Open GoogleCodeExporter opened 9 years ago

GoogleCodeExporter commented 9 years ago
It would be nice to change the guifit() function so that it is convenient for 
multi-peak fitting. If I want to fit multiple peaks, e.g. 3 Gaussians, I would 
do it like that (adapted from the example in the docs):

def fit(x, params):
y0, A0, xc0, w0, A1, xc1, w1, A2, xc2, w2 = params
return y0 + A0*np.exp(-(x-xc0)**2/(2*w0**2)) + A1*np.exp(-(x-xc1)**2/(2*w1**2)) 
+ A2*np.exp(-(x-xc2)**2/(2*w2**2))

y0 = FitParam("Offset", 0., -10., 10.)
A0 = FitParam("Amplitude 0", 1., -10., 10.)
xc0 = FitParam("location 0", 2.5, 2., 5.)
w0 = FitParam("width 0", 1., -30., 30.)
A1 = FitParam("Amplitude 1", 1., -10., 10.)
xc1 = FitParam("location 1", 2.5, 2., 5.)
w1 = FitParam("width 1", 1., -30., 30.)
A2 = FitParam("Amplitude 2", 1., -10., 10.)
xc2 = FitParam("location 2", 2.5, 2., 5.)
w2 = FitParam("width 2", 1., -30., 30.)
params = [y0, A0, xc0, w0, A1, xc1, w1, A2, xc2, w2]
values = guifit(x, y, fit, params, xlabel="x", ylabel="Signal(x)")

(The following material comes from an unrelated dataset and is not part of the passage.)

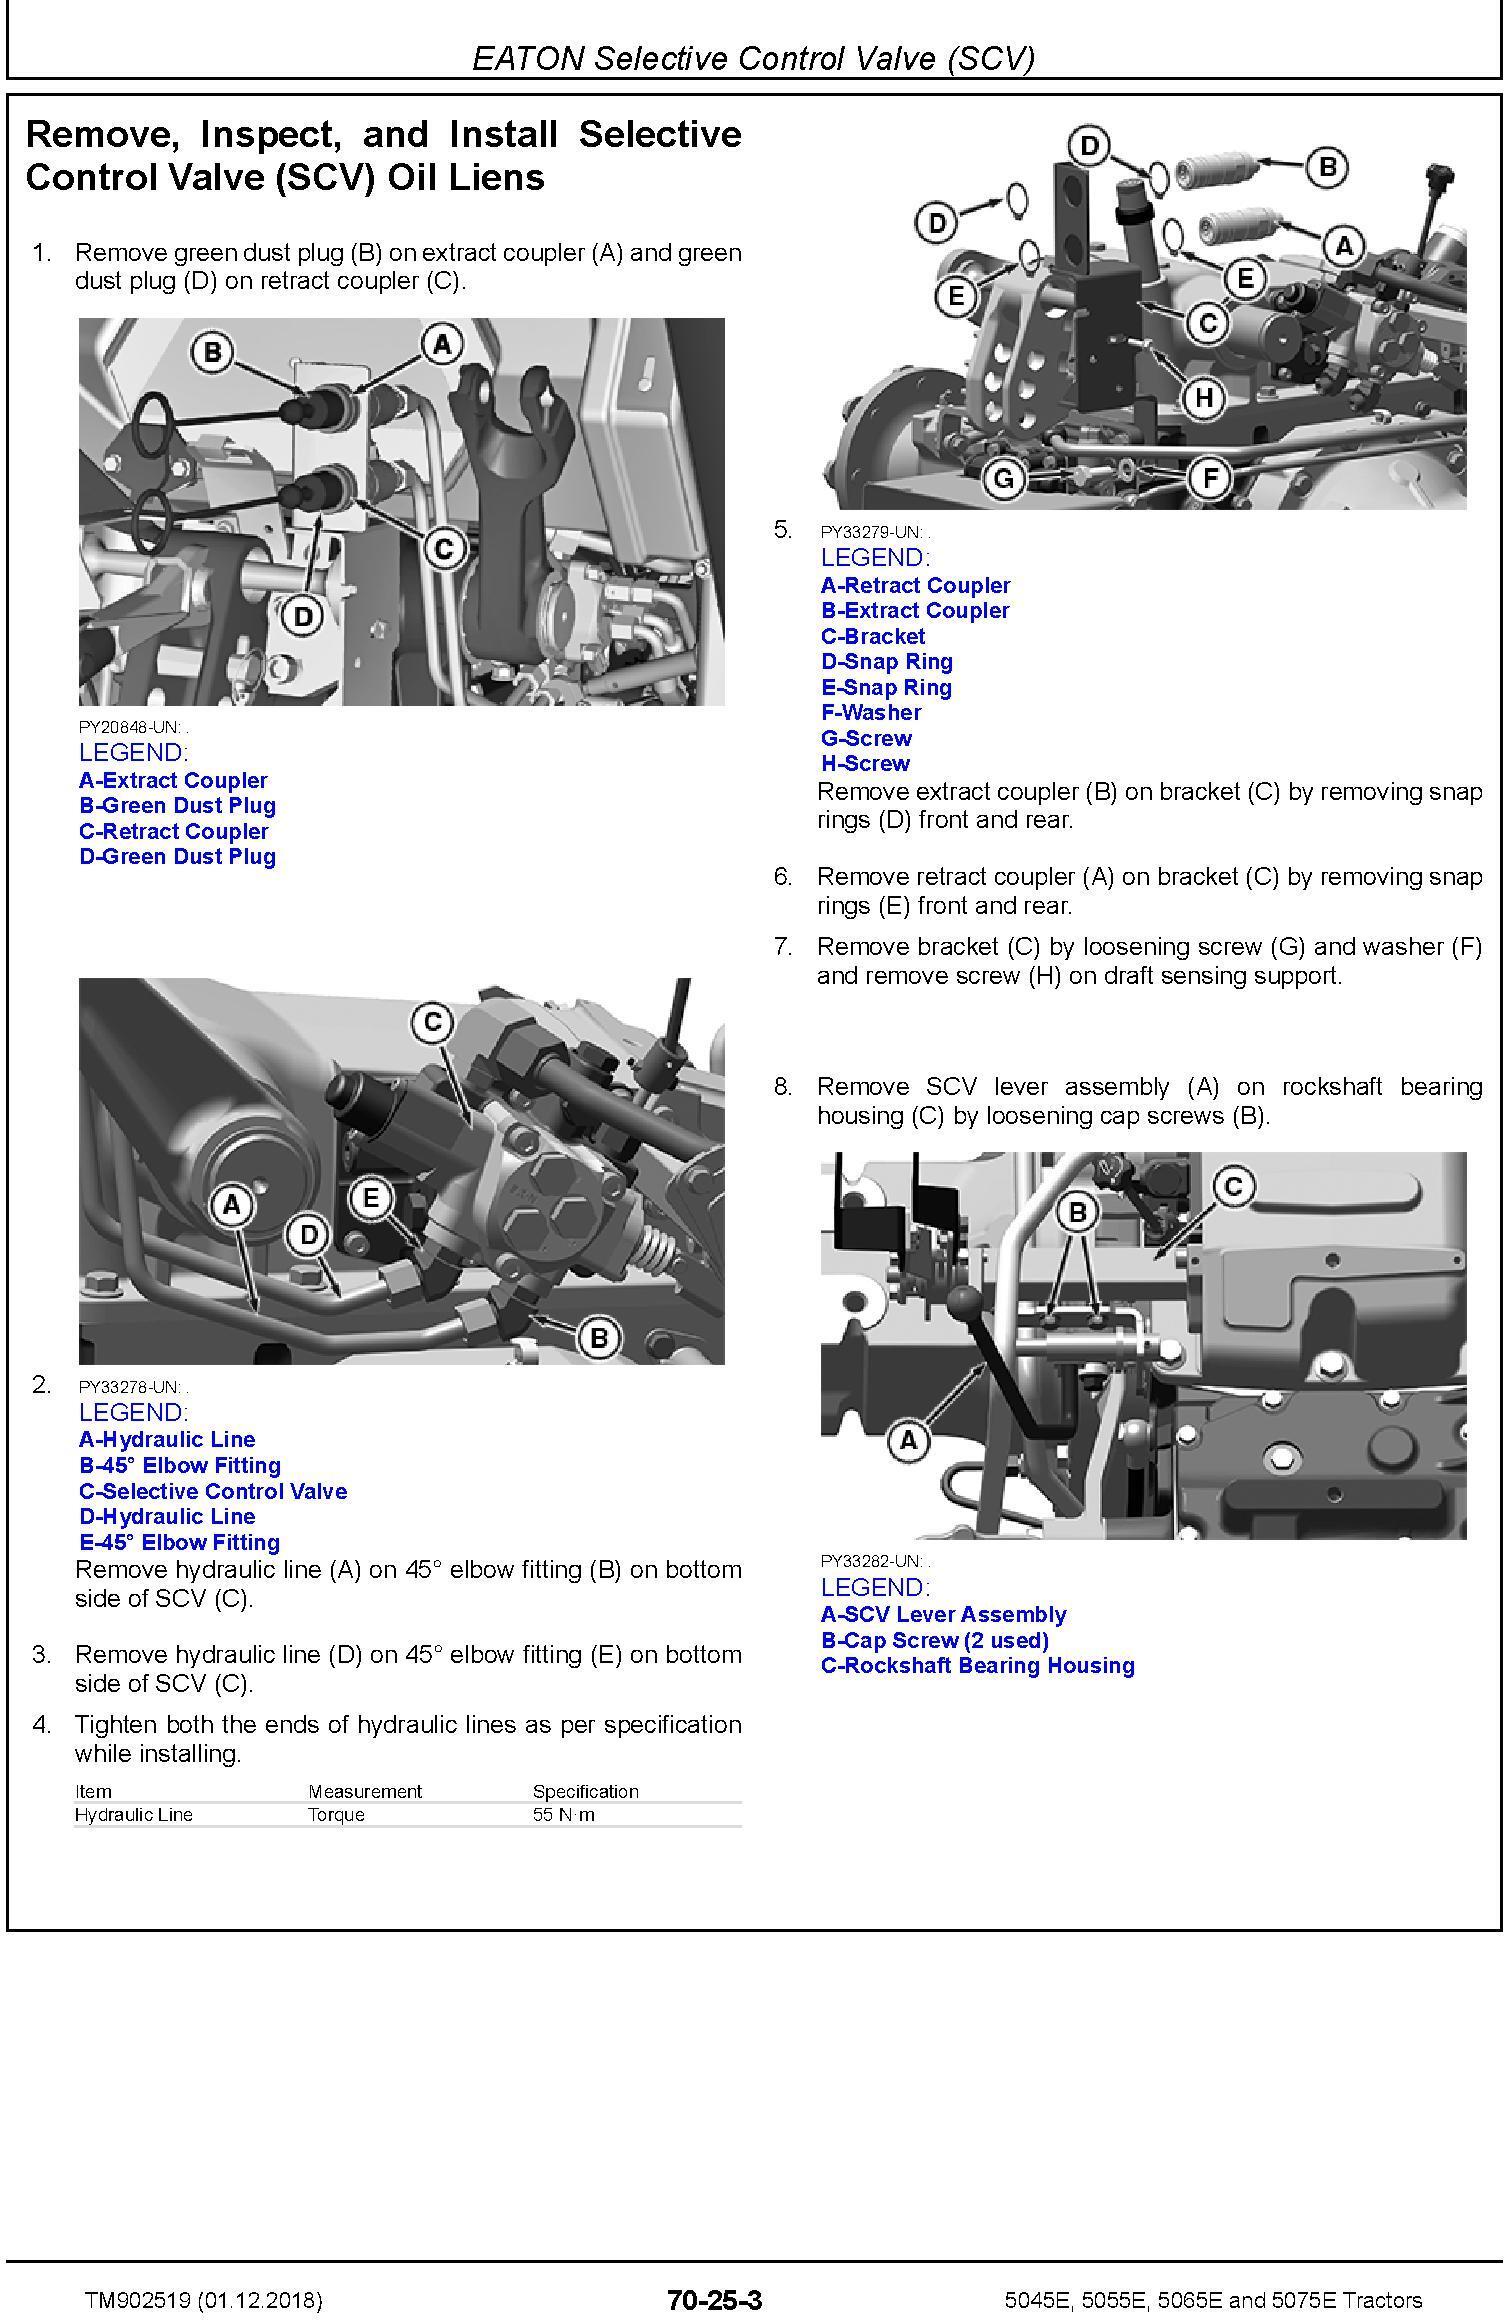 John Deere 5045E, 5055E, 5065E, 5075E Tractors (SN.103101-) Repair Technical Service Manual TM902519 - 3

Using guifit, the overall function, that was fitted, is now plotted. However, 
it would be nice to visualise the contributions of the individual peaks. So 
that you define fit=[fit1,fit2,fit2] with fit1=y0 + 
A0*np.exp(-(x-xc0)**2/(2*w0**2)) and the subfits are plotted additionally to 
the overall fit.

What version of the product are you using? On what operating system?